A) It doesn't know where the defenders are.
This is a big one. We simply do not have the data. Opta tracks ball actions, not player locations. And we know simply from experience that if you are well-defended and there are players between you and the goal, you are much less likely to score than if you're free one-on-one with the keeper. There are a bunch of ways that my expected goals method attempts to estimate defensive pressure, but it's not the same as actually knowing about it. An excellent paper by Lucey, Bialkowski et al presented at the Sloan conference demonstrated that knowing defender location significantly improves the accuracy of expected goals, just as we would expect.
Perhaps over time defender location numbers even out to some degree, but certainly in looking at single matches defensive location can make a huge difference, and expected goals can miss badly.
B) It doesn't care who's shooting.
As everyone knows, some footballers are better at scoring than other footballers. In its current incarnation, expected goals does not care if Lionel Messi or Chris Brunt took the shot. It doesn't care if a striker or a center back made the attempt. And it is clearly true that the best shooters score more of their shots and that players in attacking positions score more of their shots.

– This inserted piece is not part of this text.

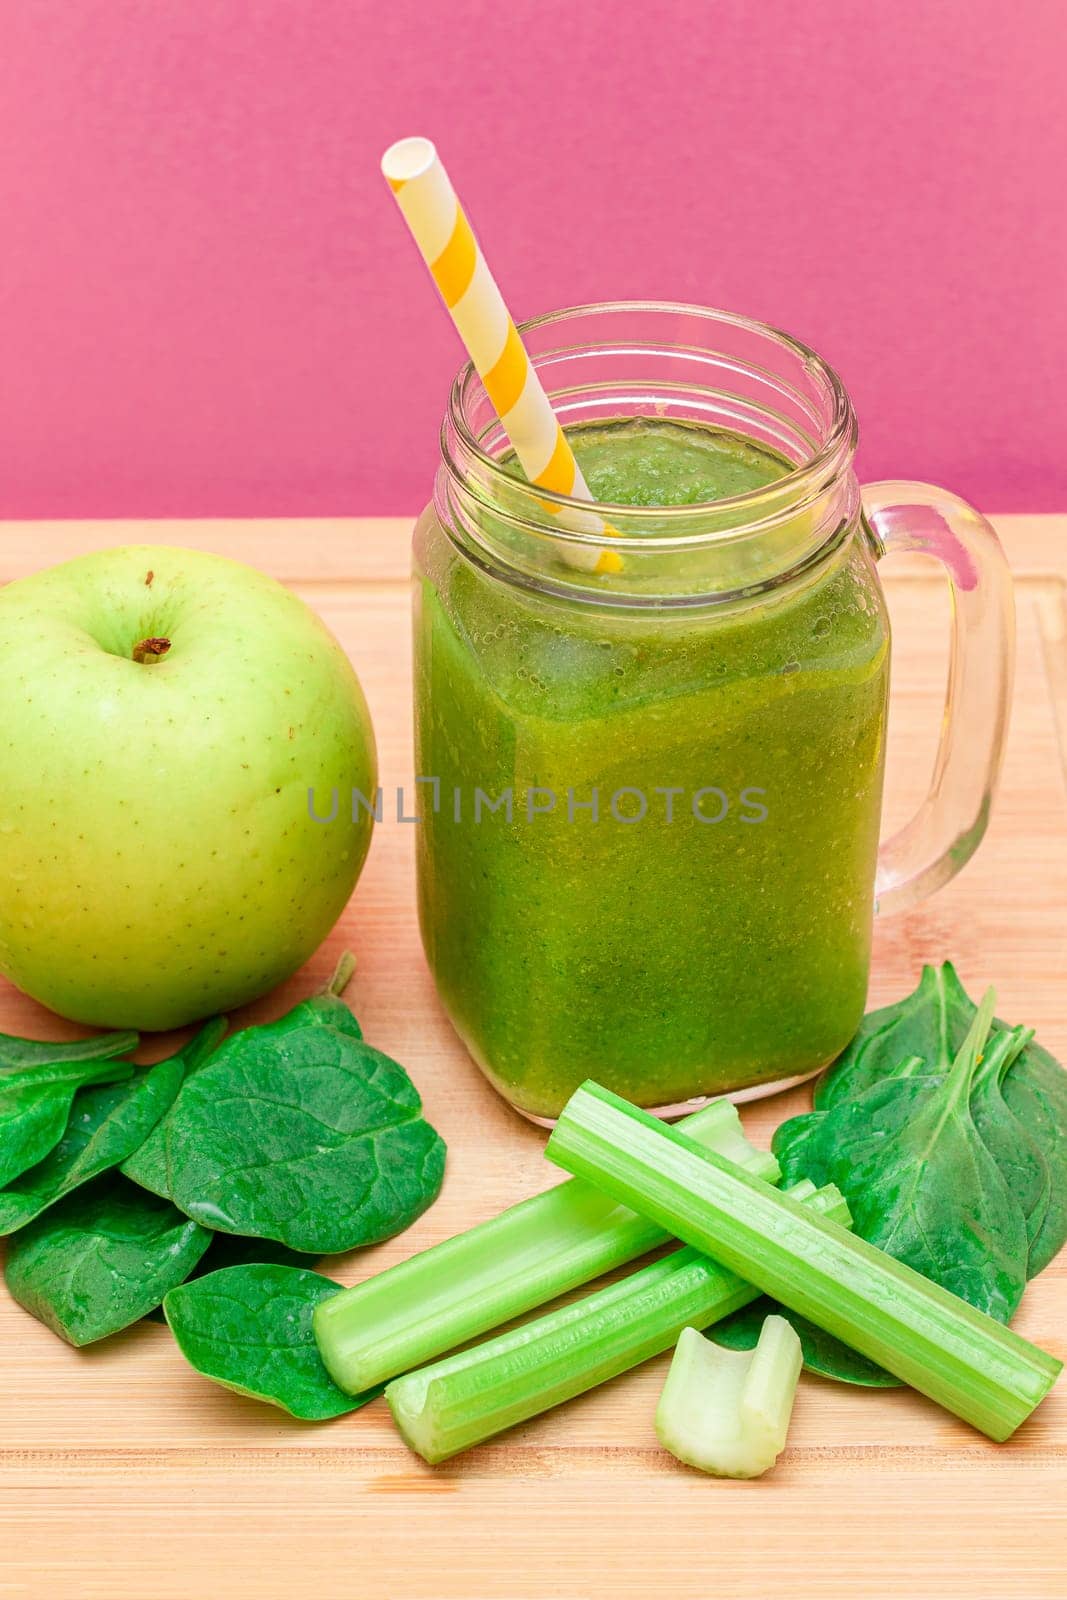 Fresh Green Smoothie of Apple, Celery, and Spinach in Glass Smoothie Jar with Yellow Cocktail Straw on Wooden Cutting Board. Vegan Detox Drink. Vegetarian Culture. Healthy Eating and Fruit Diet

I hope to add in player and positional regressions to my next iteration of expected goals, but for now expected goals is missing out on some important data.
C) It may be missing on the very best teams.
This is something that Bertin notes—that the big misses for most xG models appear to be the elite clubs of Spain and Germany: Barcelona, Real Madrid and Bayern Munich. (My expected goals model has rarely had trouble with Dortmund.) There are a lot of possible causes here, but this finding may reflect some emergent properties of having a whole bunch of great players on the pitch at once which allows these teams to create better chances than expected goals can account for. It is a topic that requires significant study, and it has yet to be done publicly as far as I know.
5) I still like expected goals.
We should always be improving our methods and we should always be critiquing them. A minutely descriptive, intuitively articulated, highly accurate expected goals model remains no more than a goal itself. But the only way we're going to get there is by continuing to trudge this road and build and improve and discuss the models we have.
So I'm working on new improvements to the system. I want to adjust for the identity and formation position of the shooter. I want to account for the location from which the assist pass was played—it turns out that assist passes from good locations massively increase the rate at which shots are scored. (And I can explain why I think this makes all sorts of sense.) I want to work on including some non-shot chances—at the very least I want to include last-ditch tackles and particularly tackles or interceptions by the goalkeeper in the model. By adding in more specificity to expected goals, I think we can make progress toward that ideal xG system that really describes clearly the kind and quality of chances created.
The key question for me remains, as I said in my methodology article and as I said in section (1) above is—does this make football sense? I only include factors in my expected goals regressions that are in advance intuitively related to the creation of good attacking chances. Expected goals as an idea is all about intuitive football sense. We can continue improving our models and more importantly we can keep learning more about football if we maintain that focus.
The statistic is open to critique, but reasons I like it are pretty straightforward. First, it has been shown clearly and at length to be better than currently existing alternatives for a wide variety of uses. Second, its model design reflects the reality of football and the ways in which players on the field attempt to create or prevent good chances. Because of this, expected goals constitutes an important step along the path toward a truly robust model of scoring chances and of football itself.